Teacher, worker insurance rate decision put off

Board awaiting pay-raise data

Members of a state board decided Tuesday to wait another month before setting the health insurance rates for public school and state employees for 2019.

At a meeting earlier this month, the benefits subcommittee of the State and Public School Life and Health Insurance Board recommended that the rates for both groups of employees stay at their current level next year.

Board member Rett Hatcher, who is deputy director of the Arkansas Teacher Retirement System, said Tuesday that he wants to know the size of merit-based pay increases that state employees are set to receive before deciding on the rates for those employees.

If state employees receive a 3 percent pay increase, "I would feel very comfortable about asking for a 3 percent increase" in premiums to help offset the need for a large rate increase in 2020, Hatcher said.

Board member Carla Haugen, deputy director for the Department of Finance and Administration, said she was ready to accept the subcommittee's recommendation.

She noted that the state employees' health care costs have come in below projections in recent years. She also said she doesn't want to lessen the benefit of the raises.

"They get an increase, and we take their increase," she said.

The board's next meeting is June 19.

Scott Hardin, a spokesman for the Finance and Administration Department, said Gov. Asa Hutchinson will likely announce the size of the raises -- the first awarded under a new pay plan that took effect in 2017 -- later this week or next week.

Under the old pay plan, which had been in place since the 1980s, employees received bonuses, but not salary increases, for good performance, Hardin said.

State employees received a 1 percent cost-of-living increase in 2016.

The new pay plan raised the average employee's salary by about 6 percent, state officials have said.

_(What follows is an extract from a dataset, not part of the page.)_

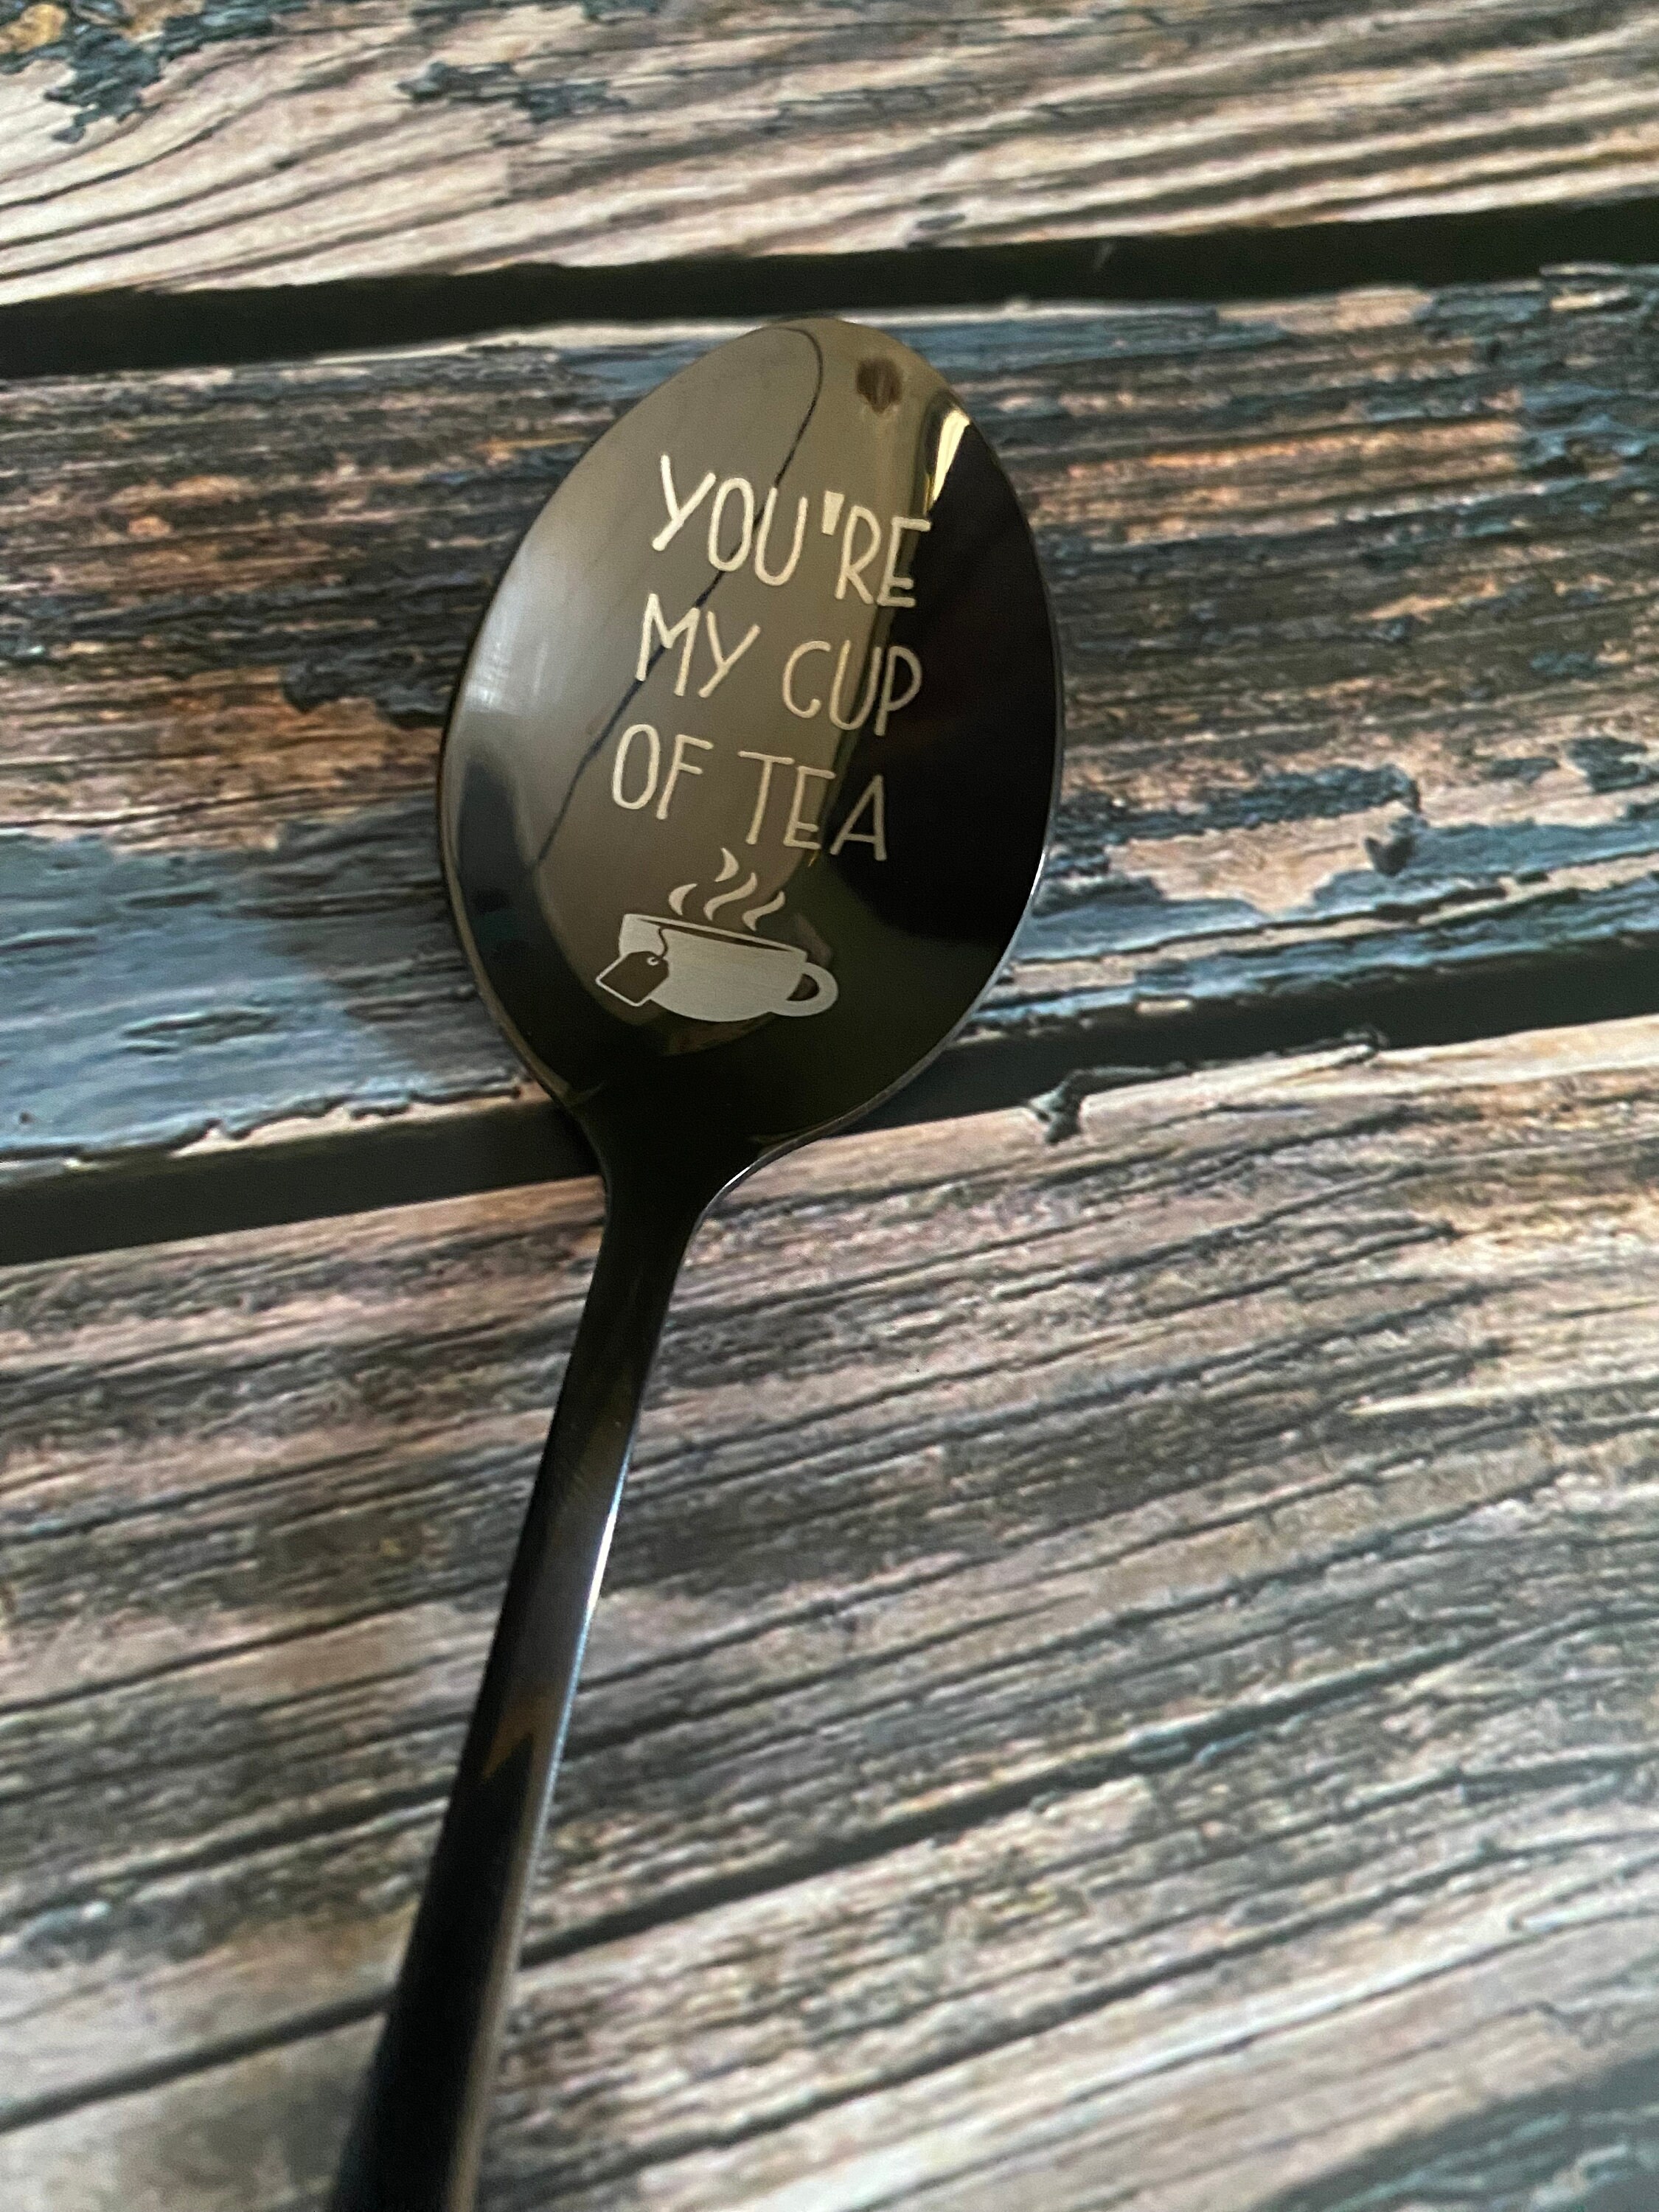 HappyBeeCo My Peanut Butter Spoon Hand Stamped Spoon Foodie  Spoon Gift Peanut Butter Spoon Gift Tablespoon Spoon Desserts Vegan Gift  Best Friends Gift Spoon With Sayings: Spoons

The health plans cover about 45,000 school employees and 26,000 state employees, along with employees' family members and retirees.

Thanks to lower-than-expected spending in recent years, the school employees' plans have built up enough reserves that their rates likely won't need to be raised until 2021, said Gaelle Gravot, an actuary with the consulting firm Cheiron of McLean, Va.

The state employees' plans have enough reserves to keep rates at their current level next year, but may need a large increase in 2020, she said.

For instance, if medical costs grow 5 percent each year, and drug expenses grow by 8 percent, the rates for the state employees' plans would need to increase by 20 percent in 2020, she said.

The board faced a similar scenario last year and ended up keeping the rates the same. As it turned out, the lower-than-expected health care costs left the state employees' plan with enough reserves to delay the need for a large increase for at least a year.

In 2017, the rates increased 2 percent for school employee plans and 3 percent for state employee plans.